▸ Problem requirements: Reproduce all lines of the listing below in which the word "Seal" occurs.

Source information below:

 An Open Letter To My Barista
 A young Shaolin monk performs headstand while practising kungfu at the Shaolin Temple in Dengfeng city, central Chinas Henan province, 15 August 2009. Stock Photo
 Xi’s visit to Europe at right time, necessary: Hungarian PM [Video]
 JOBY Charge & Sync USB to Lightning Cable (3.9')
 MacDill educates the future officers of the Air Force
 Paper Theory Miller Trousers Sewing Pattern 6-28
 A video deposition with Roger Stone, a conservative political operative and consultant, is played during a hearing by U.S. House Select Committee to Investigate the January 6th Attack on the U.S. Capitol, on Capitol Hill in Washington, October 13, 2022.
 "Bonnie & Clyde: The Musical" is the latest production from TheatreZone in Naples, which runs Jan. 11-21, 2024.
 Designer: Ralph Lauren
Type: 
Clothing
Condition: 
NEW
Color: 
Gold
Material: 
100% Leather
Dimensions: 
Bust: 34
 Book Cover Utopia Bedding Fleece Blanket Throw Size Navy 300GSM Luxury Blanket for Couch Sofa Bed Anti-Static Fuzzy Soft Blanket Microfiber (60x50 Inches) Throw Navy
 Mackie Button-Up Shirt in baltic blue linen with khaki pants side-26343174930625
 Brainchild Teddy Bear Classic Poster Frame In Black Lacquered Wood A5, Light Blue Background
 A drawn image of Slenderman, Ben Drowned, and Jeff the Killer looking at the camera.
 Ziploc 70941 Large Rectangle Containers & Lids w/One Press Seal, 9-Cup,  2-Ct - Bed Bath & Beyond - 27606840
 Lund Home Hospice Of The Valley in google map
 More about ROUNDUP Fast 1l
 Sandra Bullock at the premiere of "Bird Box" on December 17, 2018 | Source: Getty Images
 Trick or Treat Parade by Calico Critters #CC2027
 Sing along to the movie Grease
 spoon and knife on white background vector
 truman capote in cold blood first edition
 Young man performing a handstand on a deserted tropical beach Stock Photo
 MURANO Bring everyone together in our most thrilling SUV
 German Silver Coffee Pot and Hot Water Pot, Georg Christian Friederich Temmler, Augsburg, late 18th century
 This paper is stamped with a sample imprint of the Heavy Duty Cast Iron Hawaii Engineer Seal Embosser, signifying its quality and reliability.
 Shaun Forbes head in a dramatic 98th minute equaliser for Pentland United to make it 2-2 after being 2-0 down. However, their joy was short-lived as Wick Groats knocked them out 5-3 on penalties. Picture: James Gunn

End of Source information.

▸ Exercise answer:
 Ziploc 70941 Large Rectangle Containers & Lids w/One Press Seal, 9-Cup,  2-Ct - Bed Bath & Beyond - 27606840
 This paper is stamped with a sample imprint of the Heavy Duty Cast Iron Hawaii Engineer Seal Embosser, signifying its quality and reliability.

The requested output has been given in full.